Angela and Hodgins find that their secret project survived the blast intact: they’ve done a children’s book, written by Hodgins and illustrated by Angela the artist, depicting all their friends as bugs. There’s Brennan the beetle, Cam the centipede, etc. Everyone is appropriately charmed and delighted.
Camille now announces that she and Arastoo aren’t really going on a six-month honeymoon to Europe after all. Instead, they’re going to Mississippi to adopt a trio of young brothers. Cam and Brennan have conferred on who should be in charge of the lab in Cam’s absence: Hodgins. Hodgins is thrilled. He is at long last really King of the Lab.
When Brennan is alone with Booth, she tells him she’s going to keep her clock, which stopped at the moment of the blast. It’s a reminder of when things almost ended, but didn’t.

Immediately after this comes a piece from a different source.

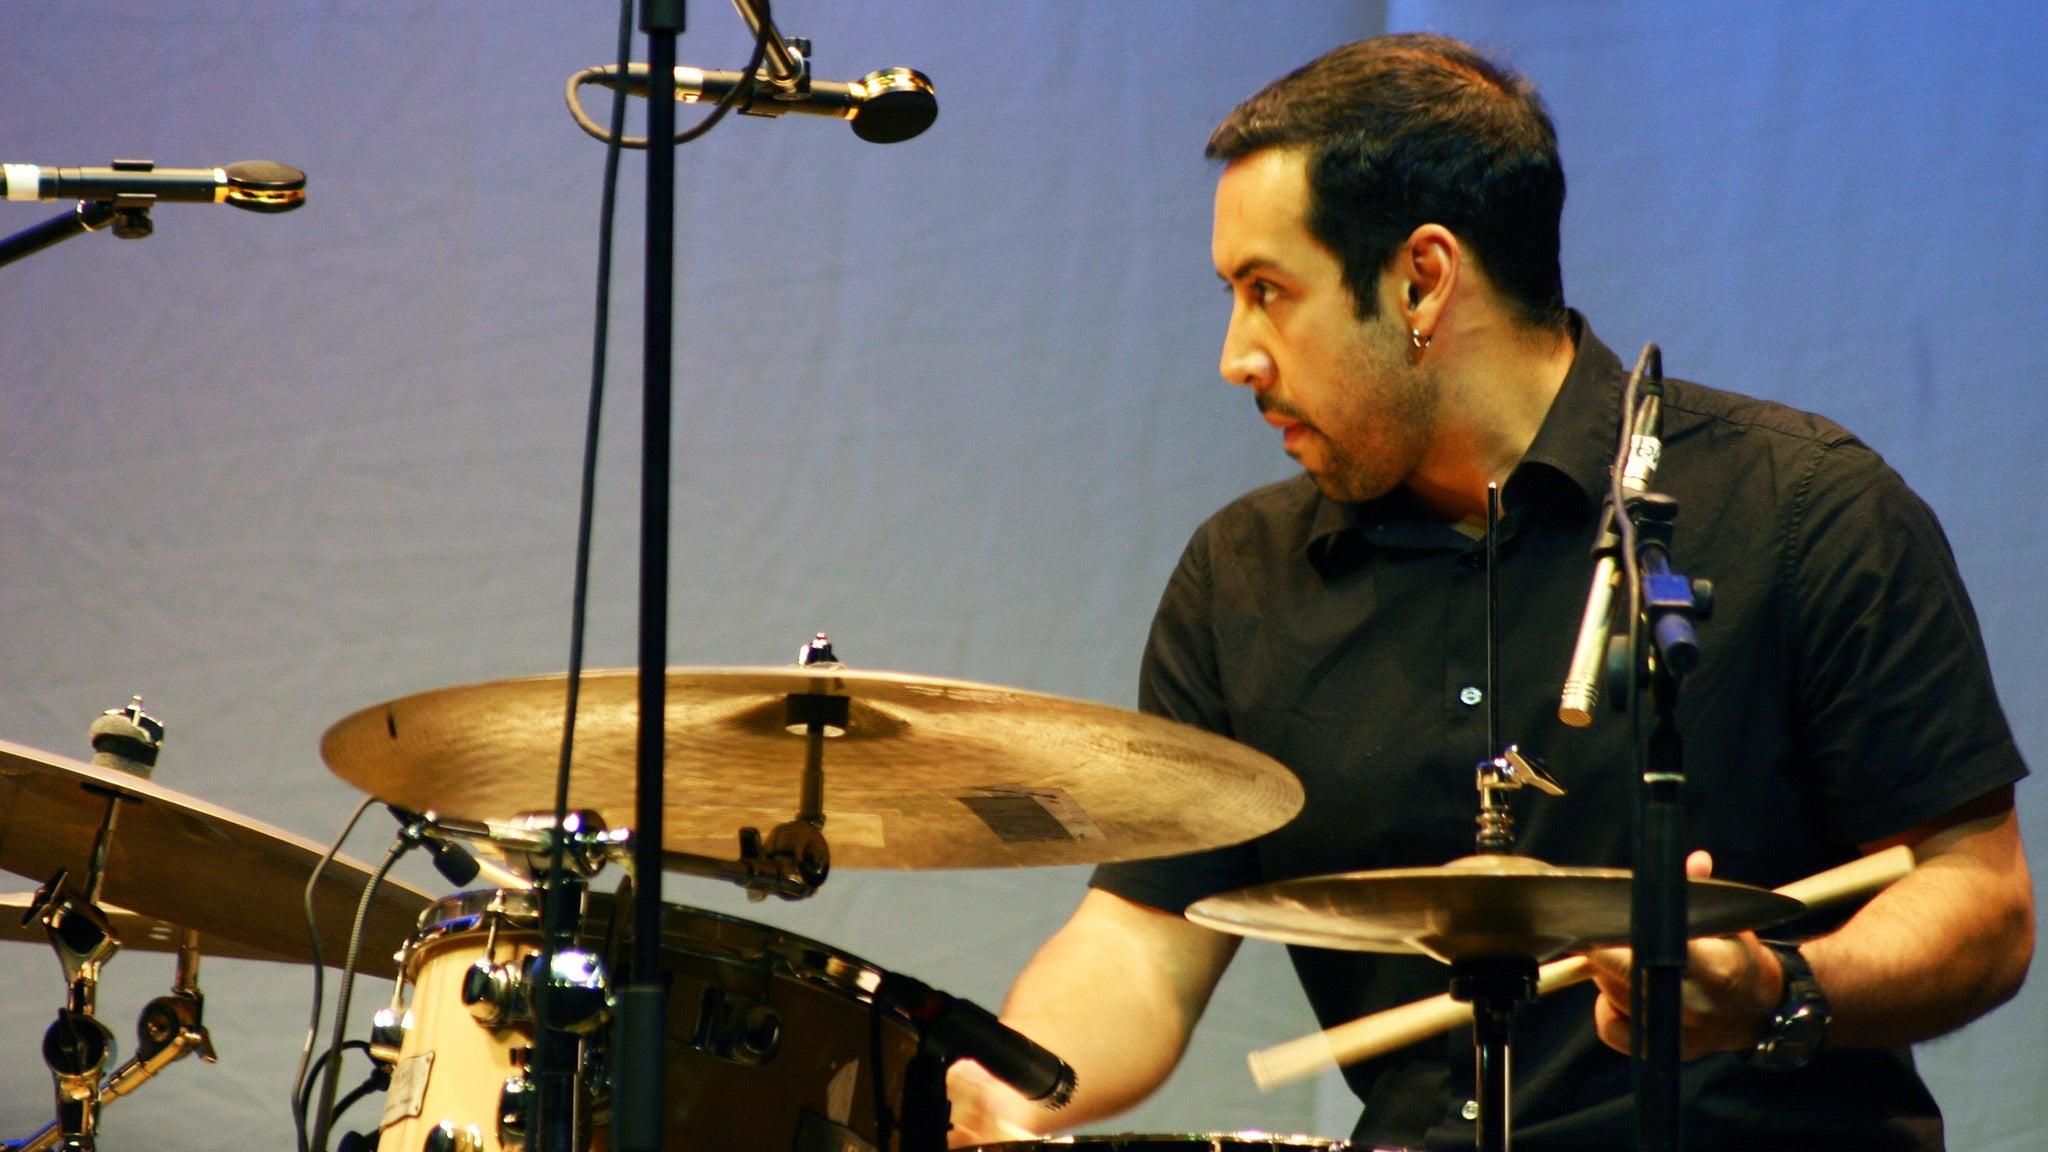 ANTONIO SANCHEZ - BIRDMAN LIVE at Music Hall Center

And that’s it. Everyone is alive, happy, surrounded by people they love and work that gives them purpose. Nobody does something out of character, or self-destructive, or mean-spirited. We feel a sense of completion, without the show shoving us out the door. We’re free to imagine more adventures for the characters (they’ll certainly be having them), but we also don’t feel like any major issues are left unaddressed.
Well, except for one. There’s still that tape left by the late Christopher Pelant at the end of Season 10. So if BONES ever wants to go the reunion route, it won’t have to look far for the source of a new mystery. Meanwhile, on the whole, it’s been a pleasure.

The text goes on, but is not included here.